## WHAT IS NEEDED
Your answer must be every line of the data that contains "Ercole".

══ TASK INPUTS

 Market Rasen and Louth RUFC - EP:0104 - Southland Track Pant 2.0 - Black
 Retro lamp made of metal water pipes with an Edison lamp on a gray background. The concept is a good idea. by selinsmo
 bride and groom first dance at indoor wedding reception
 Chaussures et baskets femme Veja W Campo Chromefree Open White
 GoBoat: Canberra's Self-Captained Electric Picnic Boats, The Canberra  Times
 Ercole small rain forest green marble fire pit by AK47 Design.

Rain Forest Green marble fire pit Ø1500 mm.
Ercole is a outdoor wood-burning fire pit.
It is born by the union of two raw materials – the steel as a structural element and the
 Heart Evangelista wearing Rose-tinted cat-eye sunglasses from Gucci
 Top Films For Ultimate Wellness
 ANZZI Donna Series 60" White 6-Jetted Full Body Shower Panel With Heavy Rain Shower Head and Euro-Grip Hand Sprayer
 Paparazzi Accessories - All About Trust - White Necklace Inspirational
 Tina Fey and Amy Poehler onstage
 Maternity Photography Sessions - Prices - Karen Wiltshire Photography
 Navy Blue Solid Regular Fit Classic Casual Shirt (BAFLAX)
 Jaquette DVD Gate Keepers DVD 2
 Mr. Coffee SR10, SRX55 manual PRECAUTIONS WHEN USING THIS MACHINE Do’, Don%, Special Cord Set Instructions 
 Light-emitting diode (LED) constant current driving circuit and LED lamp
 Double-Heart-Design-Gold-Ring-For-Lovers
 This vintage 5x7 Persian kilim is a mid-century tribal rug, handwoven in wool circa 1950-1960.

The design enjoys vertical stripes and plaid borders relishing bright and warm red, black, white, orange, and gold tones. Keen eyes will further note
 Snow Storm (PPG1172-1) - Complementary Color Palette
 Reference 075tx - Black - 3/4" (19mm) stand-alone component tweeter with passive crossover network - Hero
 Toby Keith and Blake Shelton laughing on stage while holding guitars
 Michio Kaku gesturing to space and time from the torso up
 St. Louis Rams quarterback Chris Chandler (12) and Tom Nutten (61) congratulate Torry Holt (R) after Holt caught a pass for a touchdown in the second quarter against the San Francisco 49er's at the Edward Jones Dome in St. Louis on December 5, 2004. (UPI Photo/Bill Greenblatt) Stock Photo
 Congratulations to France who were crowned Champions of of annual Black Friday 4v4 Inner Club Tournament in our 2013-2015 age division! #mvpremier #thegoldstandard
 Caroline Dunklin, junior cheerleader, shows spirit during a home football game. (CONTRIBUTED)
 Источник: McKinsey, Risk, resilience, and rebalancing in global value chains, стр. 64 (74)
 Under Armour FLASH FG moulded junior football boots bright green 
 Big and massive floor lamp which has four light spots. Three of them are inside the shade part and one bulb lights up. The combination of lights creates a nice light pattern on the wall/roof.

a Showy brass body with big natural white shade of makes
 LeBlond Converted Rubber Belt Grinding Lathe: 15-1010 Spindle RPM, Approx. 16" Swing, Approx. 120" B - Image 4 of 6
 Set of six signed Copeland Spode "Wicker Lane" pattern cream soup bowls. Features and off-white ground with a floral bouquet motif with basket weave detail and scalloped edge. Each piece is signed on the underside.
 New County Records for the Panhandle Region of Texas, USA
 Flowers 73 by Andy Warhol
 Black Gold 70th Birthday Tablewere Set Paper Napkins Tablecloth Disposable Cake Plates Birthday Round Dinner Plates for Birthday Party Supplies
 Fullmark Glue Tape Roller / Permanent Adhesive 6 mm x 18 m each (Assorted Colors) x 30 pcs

════

## ANSWER AREA
 Ercole small rain forest green marble fire pit by AK47 Design.
Ercole is a outdoor wood-burning fire pit.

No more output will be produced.